Over a longer timeframe, however, tech’s performance is quite varied.
|S&P 500 Information Technology||S&P 500|
Data based on total returns.
Tech underperformed the general market in 2010, 2012, and 2013. However, the sector has outperformed every year thereafter.
In total, investors who held tech stocks over the last decade would have been rewarded. The 10-year annualized return for the S&P 500 Information Technology index was 20.50%, compared to 13.74% for the S&P 500.
The Tech Universe
While the information technology sector is commonly used to represent tech stocks, the broader tech universe can be broken down into 4 business types:
- Software – such as application software, fintech, and cybersecurity.
- Hardware – such as electronic equipment, semiconductors, and self-driving cars.
- Internet Information – such as social networks, e-commerce, and digital advertising.
- Telecommunication – such as internet services, telephone operators, and cable companies.
In addition, there are other companies that don’t fit neatly into these categories. This includes businesses involved in biotechnology, blockchain, or even retailers with modern technology such as mobile payment systems.
What Investors Should Consider
There are many factors to consider with tech investing.
To lower potential risk, investors can diversify across industries, geographies, and individual companies. Tech investing should also be part of a broader portfolio strategy.
- Risks and opportunities
Tech stocks have unique risk factors, such as regulatory risk arising from data privacy and antitrust concerns. However, they also present specific opportunities: new applications of technology are always being discovered. For example, GPS was originally used by the U.S. Navy to track submarines, but is now used for things like ridesharing.
- Personal objectives
Investors can consider whether they are seeking growth or income. Growth investors can look for newer companies with high growth potential. Income investors may seek mature companies, some of which offer dividends.
- Company financials
It can be tempting to get swept up in the news hype of a particular company. Instead, investors can pay close attention to company financials and reporting to ground their interest in reality.

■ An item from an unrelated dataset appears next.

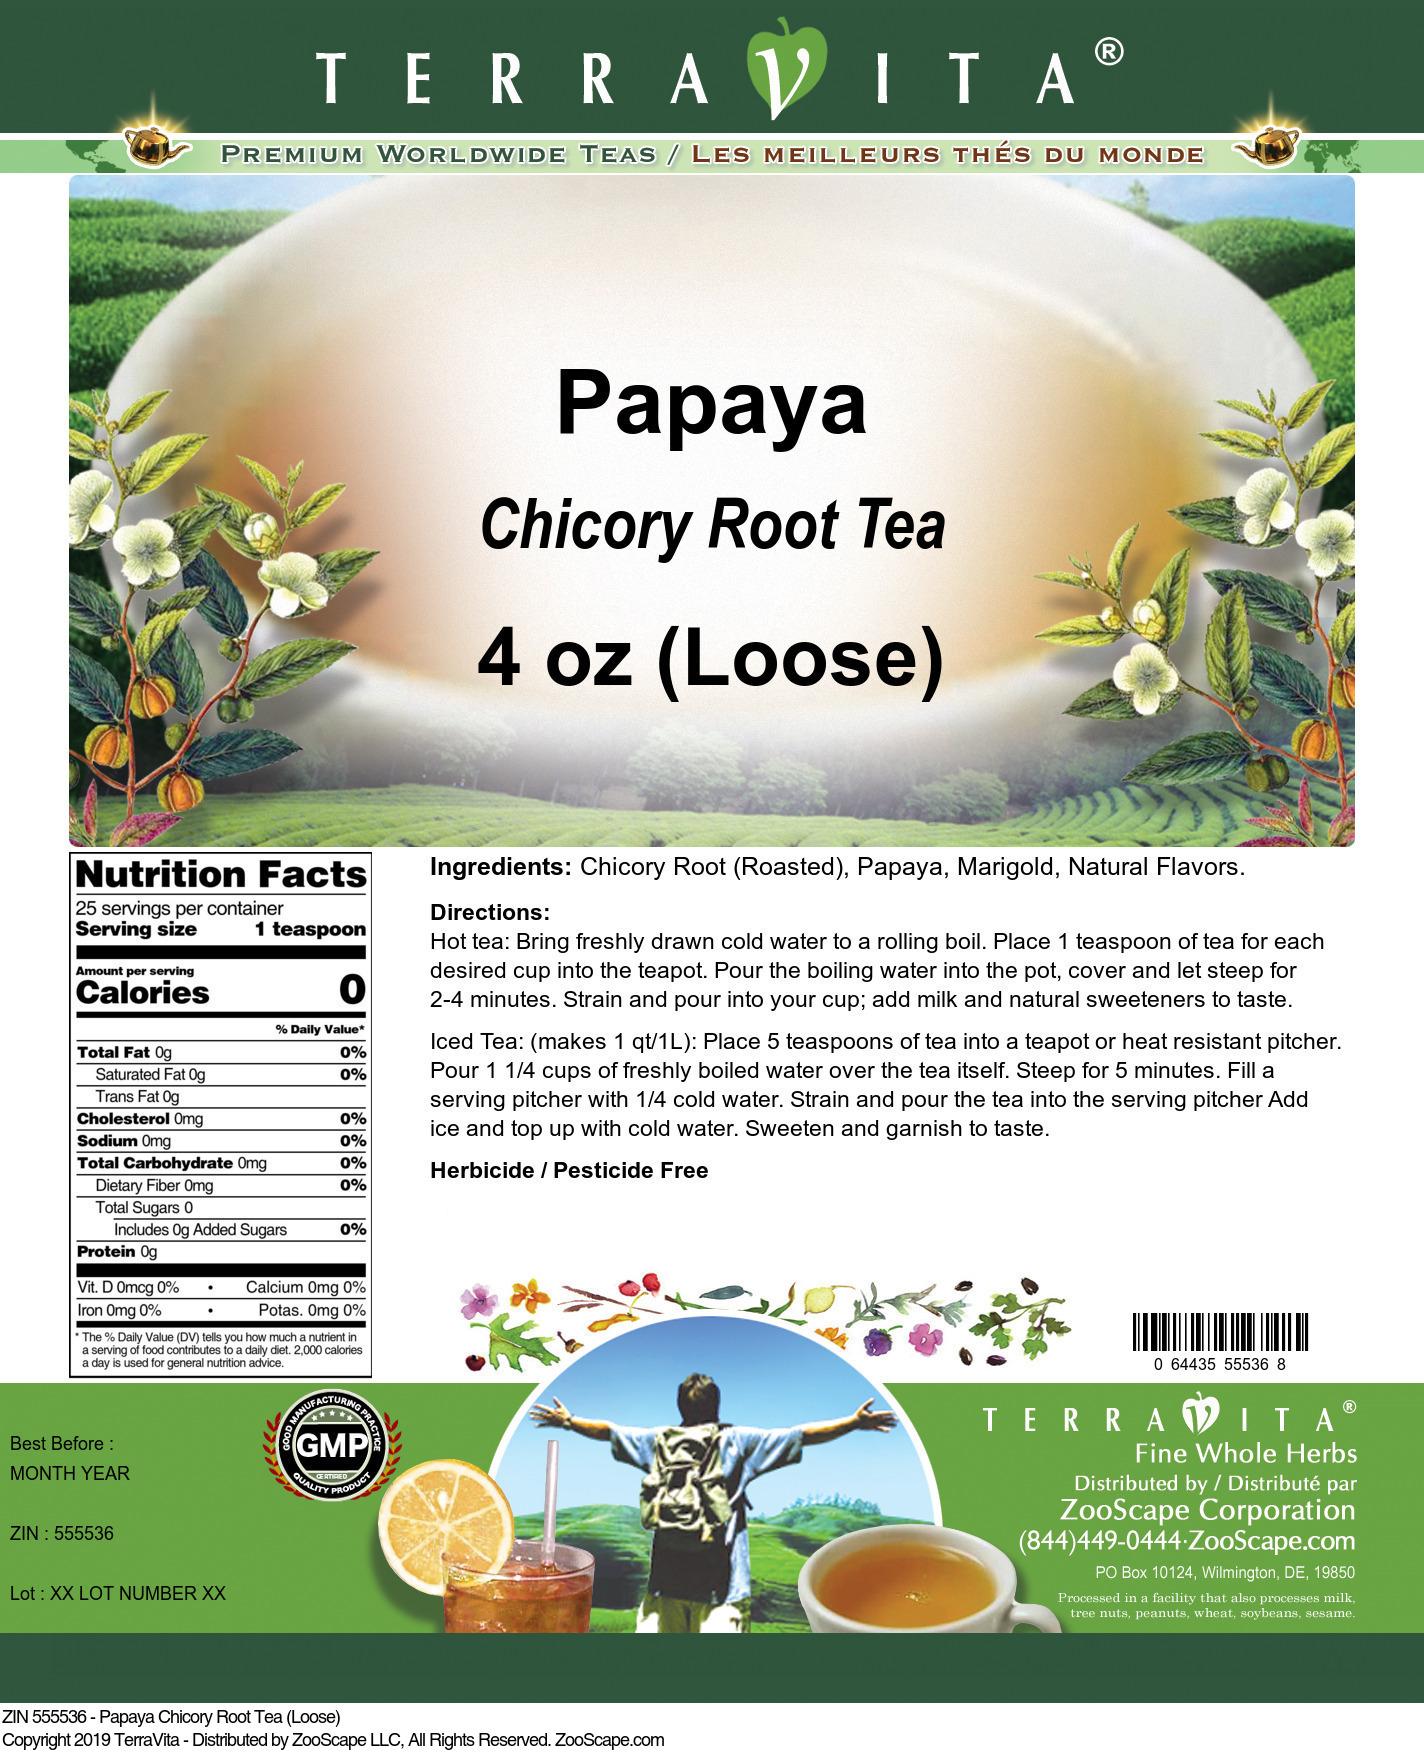 Papaya Chicory Root Tea (Loose)

With all this in mind, how do the sector’s risks measure up against its returns?
Potential Risk/Reward Payoff
Tech stocks have historically been more volatile than defensive sectors, such as utilities and consumer staples. However, they have also generated higher returns relative to their risk level.
Annualized risk-adjusted returns
|S&P 500 Information Technology||1.37||1.49||1.28|
|S&P 500 Consumer Staples||0.65||0.78||1.06|
|S&P 500 Utilities||0.52||0.76||0.84|
Risk is defined as standard deviation, calculated based on total returns using monthly values.
By understanding the landscape and what to look for, investors will be poised to take advantage of tech’s potential.